Mother gave me all this information in what was for her a normal, matter-of-fact way. Then, she softened her voice. “Your father came to see me this morning. I was out. He let himself into the house and was waiting for me when I got home. He has new instructions.”

“New instructions! From whom?”

“Shush, dear. Don't let anybody hear you. From the person who phoned him before. Listen very carefully. You must tell the police that Bohozuk arranged the murder, perhaps even carried it out himself.”

“That's a lie.”

“That is of absolutely no account. If you refuse to implicate Bohozuk, he will be murdered. Same fate as John Dick. It's as simple as that. Your choice.”

“I don't follow.”

“Mr. Wood is a very clever fellow. A real Toronto busybody. It was some sort of accident that he was assigned to this case. The only way to outwit him is to confuse him and his cronies. He knows you may have had little or nothing to do with the murder, but he is going to try to use you to get to the bottom of it. Bohozuk is the red herring, as in Sherlock Holmes.”

“Sherlock Holmes always knows a red herring.”

“My dear, you'd better hope Mr. Wood doesn't.” Then her smile became malicious: “You've always been such a diligent reader, pet. Now you've got to use your imagination to invent stories. I've given you the plot line; you do the embroidering.”

This conversation with my mother paved the way for my second variant account in which Bohozuk was jealous of my husband and decided to do away with him. Since Wood had only straws to grasp at, he took the bait. In fact, he had hauled Bohozuk in for questioning earlier that day. A man easily inclined towards cynicism, Wood thought my new account plausible. As an explanation, it placed limits on the identity of the culprit rather than forcing the police to consider the possibility that John's big mouth had forced the hand of a powerful consort of mine. All in all, an ingenious manoeuvre. The
police would be distracted at least momentarily. The longer a mystery remains unsolved, the greater the chance of the criminal escaping detection.

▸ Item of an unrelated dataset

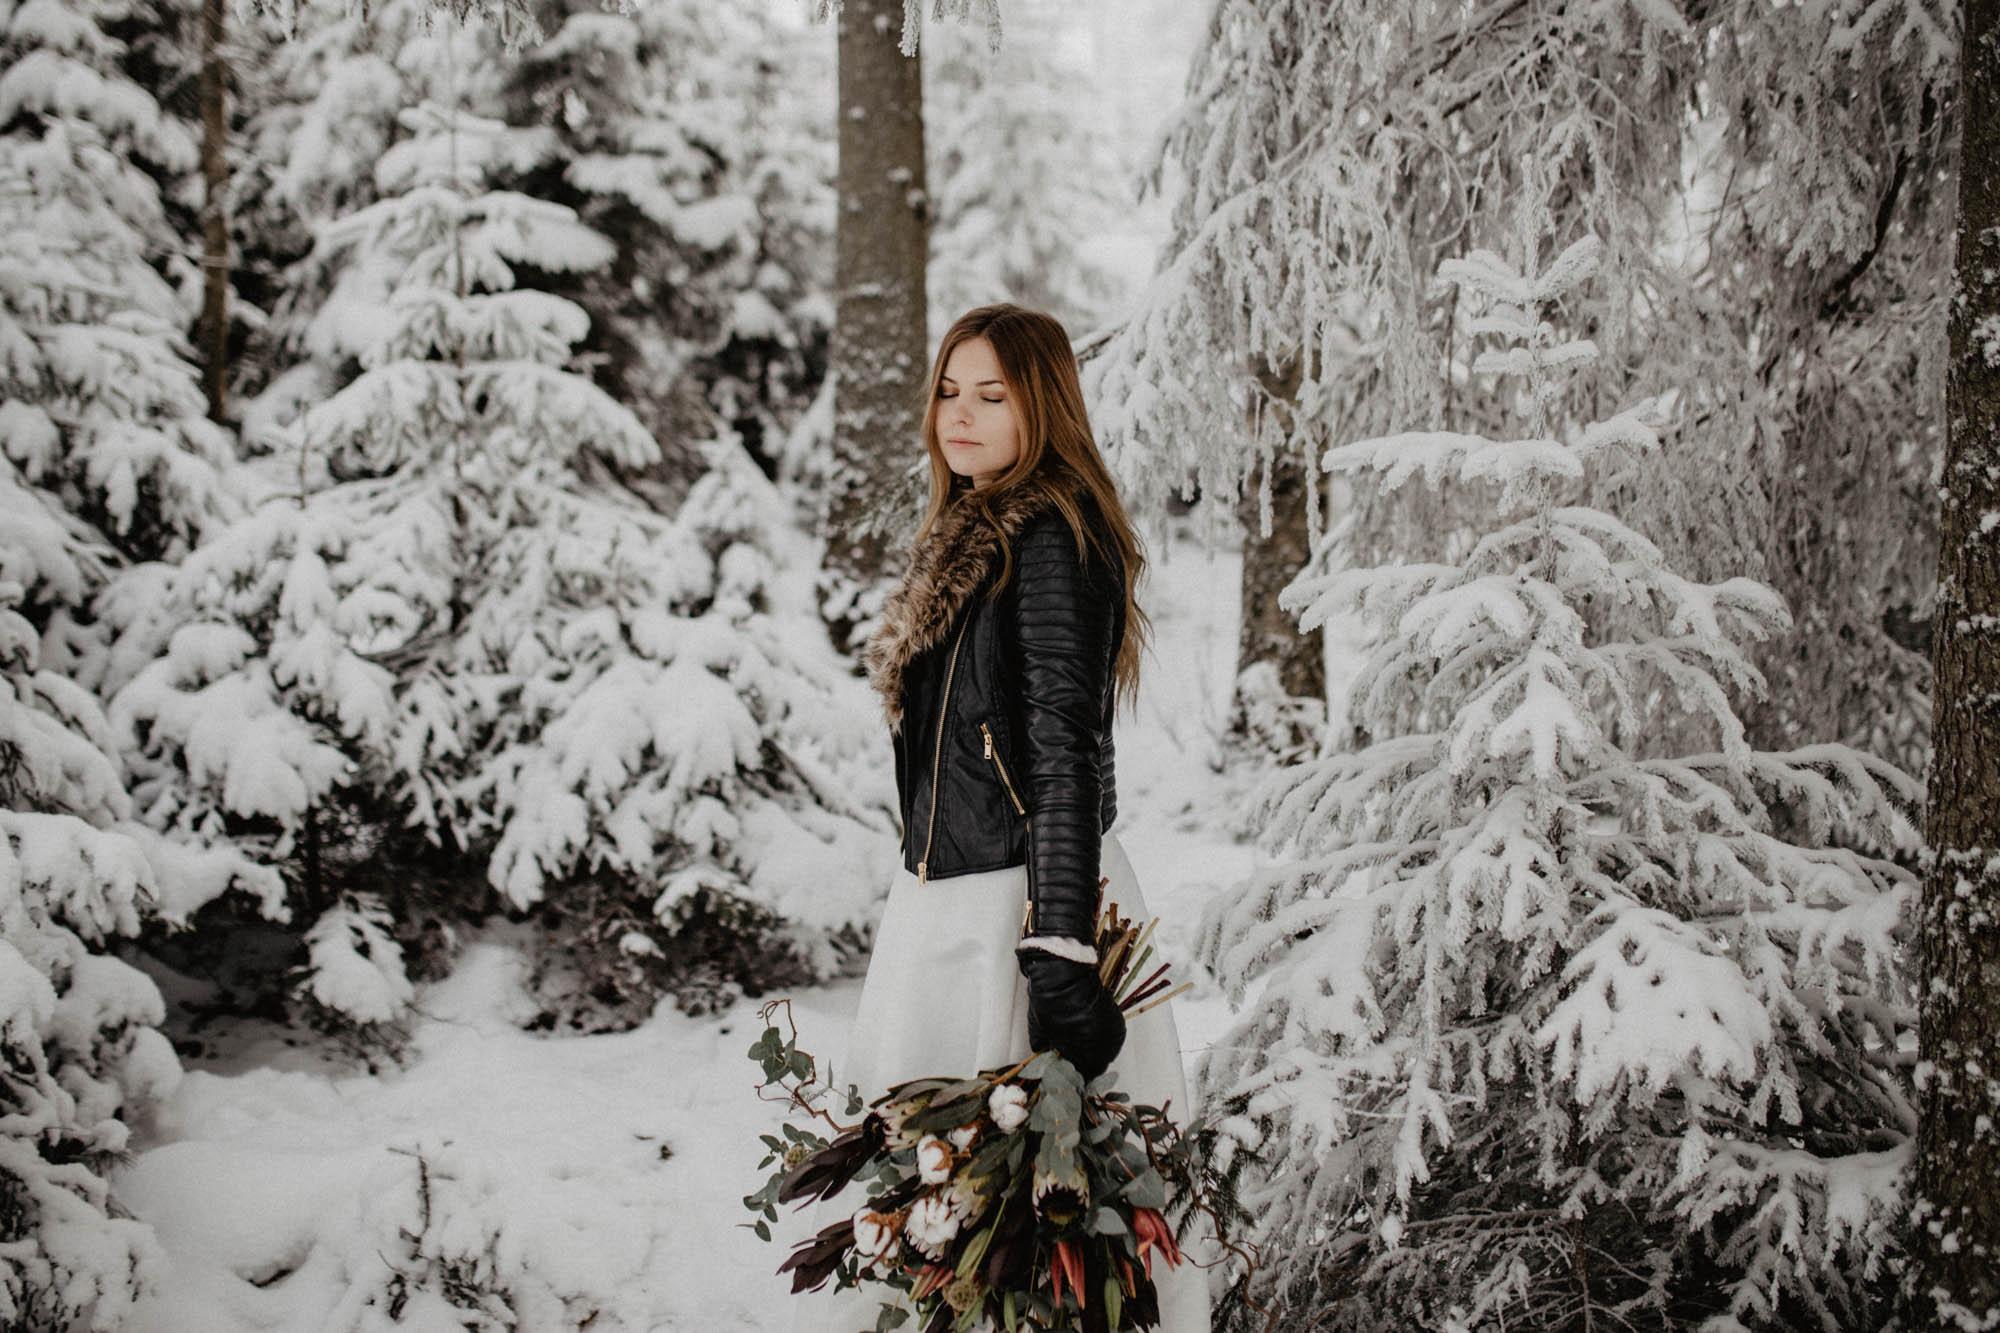 ashley_schulman_photography-winter_wedding_tampere-37.jpg
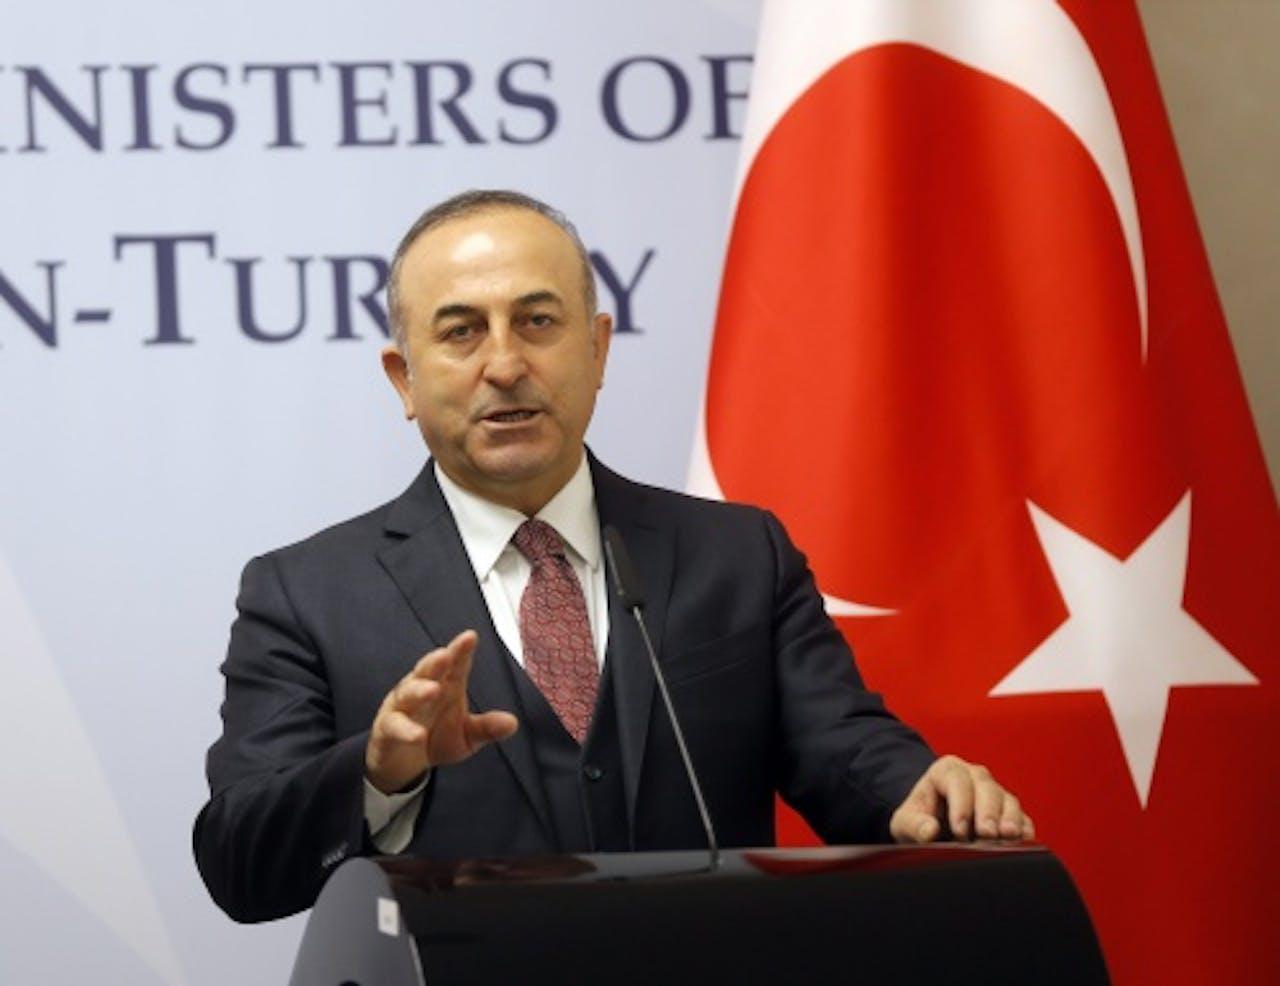 Mevlüt Cavusoglu, Turkse minister van Buitenlandse Zaken. EPA

On Thursday, March 21st, Wood and Preston returned to Carrick Street, where the good sergeant found a bushel basket filled with ashes. Just outside the garage doors, he also noticed a deep rut running at an angle of forty-five degrees, where a car had recently been driven up close to the garage. The gouge was filled with ashes. Later in the day, Dr. Deadman was summoned to assist in the removal of objects found in the garage.

My mother disliked Wood, but she found Preston congenial. She could talk at him without fear of interruption. On Wednesday, the day before, she told him, her estranged husband had let himself into the house while she was absent. When he learned that the police had searched the house, Donald had rushed upstairs to the attic. A little later, he shouted for her to bring him a screwdriver and hammer. She took them to him and waited, but, just as he was about to open a trunk, he noticed her, swore, and told her to get the hell out. While he was upstairs, detectives Farrow and Mattick came to fetch some of my clothing. Shortly afterwards, when Mother summoned father to supper, he had disappeared.

Intrigued by my mother's story, the good sergeant proceeded to the attic, where he came upon several unlocked empty suitcases and a lady's beige case. “Some of my daughter's books,” was my mother's only comment. She had no idea where the key was. He forced the lock, revealing a burlap bag covering a small wicker meat basket, which contained a cardboard carton. The carton, filled with cement from which clothing protruded, emitted a ghastly smell, like decomposing flesh.